There were also a number of very disturbed girls; some adopted children whose home life with their adoptive parents had completely broken down and of course we lived, like the rest of society, in what is known as the permissive age, and we too were caught up in the materialistic, affluent acquisitive society that western democracy has bred.

These phrases sound cliche-like now, so often have they been used, but many of the young adolescents at the Community were wanting more - more money; more freedom: to have what they wanted when they wanted it; and although impatience is often a characteristic of youth it seemed that the dislike of waiting for anything grew: waiting for sexual experience, waiting for more money, more freedom, down to simply just waiting for what you happened to want at the moment. This all made for restlessness among the girls that was often very hard to contend with and there were among them some who found it very difficult to conform to the ordinary rules that must obviously prevail in a crowded community of any sort. The old stock phrases "getting their own back on the adult world", and hurting in some way a society which they saw as having damaged them, expressed a truth. Others of their contemporaries had suffered too, but they were stronger and more resilient and able to take adversity in their stride and to ride their difficulties with the minimum of protest.

"Protest" could take many forms - passive resistance, which simply entailed sitting upstairs either on a dormitory bed or huddled in a play-room armchair refusing to come to any meals or later to go to bed. Sometimes the offender could be persuaded to go and see Miss Leila and/or Miss Dave, who were endlessly patient, and the problems might be solved: sometimes it was the sheer inevitable passage of time which provided a temporary cure.

Others demonstrated more forcibly and, occasionally, violently. Sometimes they would allow themselves a period of solitude in the sick-bay.

Anyone truanting from school generally spent the day wandering round the grounds, or sometimes sloping up and down the Ashford streets, sitting in a cafe either alone or with another truant.

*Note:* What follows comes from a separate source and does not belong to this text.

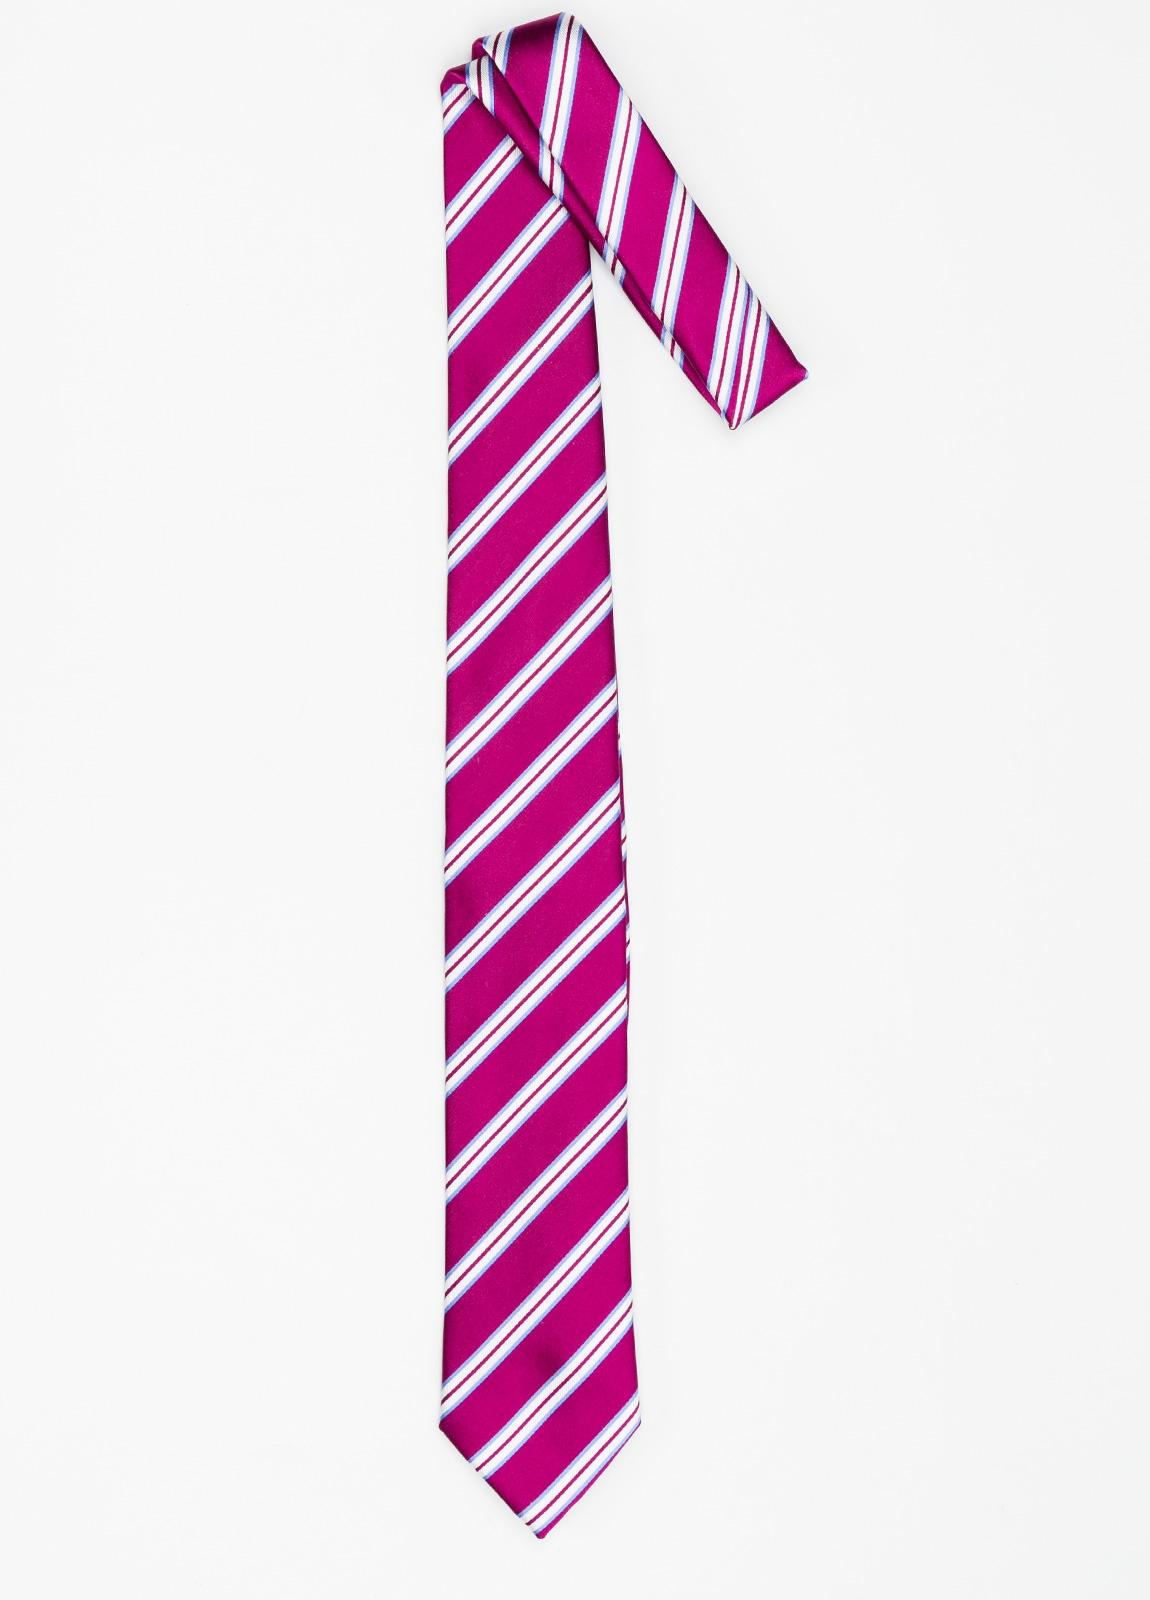 Corbata Formal Wear rayas en diagonal color fuxia. Pala 7,5 cm. 100% Seda. - Ítem1

They would come in at the back door when everyone else returned from school and come upstairs and have tea, which might be their first meal since breakfast; interviews would take place and it would be left for school to deal with the offender the following morning. The Ashford schools were always most co-operative and understanding.

There were times when a girl, or boy for that matter, would not get as far as the school bus even or make any pretence of going to school and to these Miss Dave would give an "excuse" note for the next day which simply gave as the reason for their non-attendance "unfit for school". These notes had always to be taken after any absence - the word "unfit" was true probably and it also saved face and the culprit started again and we fervently hoped that a week at least would pass before another crisis of some sort took its place.

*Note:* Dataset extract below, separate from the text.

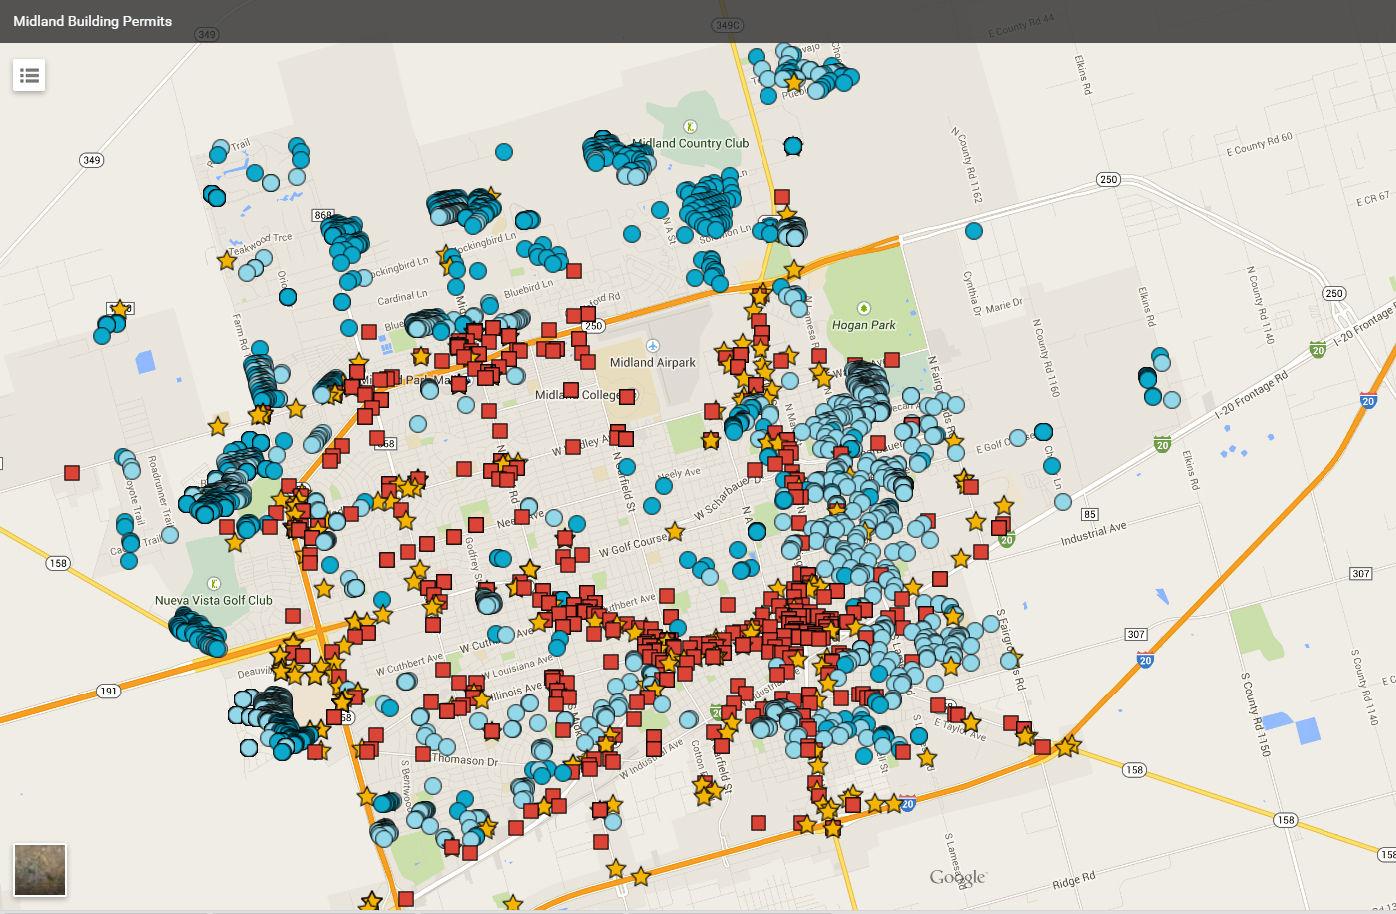 building permits data reveals midland development trends midland building permits data reveals midland development trends midland reporter telegram

Later, much more serious incidents took place which involved the police and possible expulsion from school: there could be a two to three day suspension from school which was often very salutary, as an acute boredom set in quite quickly.

Among the boys there was a certain amount of delinquency and truancy and absconding but not, I think, on the same scale as the girls, certainly not where the latter crimes were concerned. It really does seem that adolescent boys do not present as complicated problems as those of their counterparts: for one thing they were able to have more liberty than the girls; the boys were given it: the girls simply took it.

Personally I should have allowed the girls infinitely more freedom than they had but by the time Miss Leila had reached her middle seventy years and then the eighties, although in many ways extraordinarily abreast with the times, she developed a rooted dislike of any great change, or so it seemed to me, and the idea of girls even going to Ashford and shopping on their own filled her with misgiving and even more so if they were in the cinema by themselves: and these were all girls over fourteen. I admit that I used to see the girls into the Odeon cinema sometimes, having taken them down in the Dormobile, leave them there and collect them at five o'clock again. Apart from illicit smoking nothing, as far as I knew, ever occurred in that cinema; perhaps dates with boys were fixed up but apart from these trifles it is difficult to think of anything that could have happened.

It became increasingly difficult to satisfy Miss Leila on a Saturday afternoon that any girl was suitably occupied and supervised. I saw no reason why anyone should have to go to a cinema if they did not want to. Now the fact remains that it is simply not possible to be physically in more than one place at a time which is why I could not be in the cinema with some girls and not in it with others. Miss Leila would only grudgingly admit this.

She would send for me before the mid-day meal on a Saturday and would want to know exactly where everyone was going to be in the afternoon and what they would be doing.

I hummed and haaed and said "Well", a great many times and glossed over the fact that A. and B. would probably want to do the exact opposite that was suggested and that D. and S. would like to go anywhere but that planned for them and three more just wouldn't want to go anywhere and would like to stay in playing Pop records very loudly. I used to say to the latter girls that I should be in and out at intervals seeing that all was well and of course I should be down at the Odeon cinema too with the majority and taking a walk in the country to exercise the dogs and a few left-over girls.

I don't know whether Miss Leila ever realised these slight problems of a Saturday afternoon: I do not think she did.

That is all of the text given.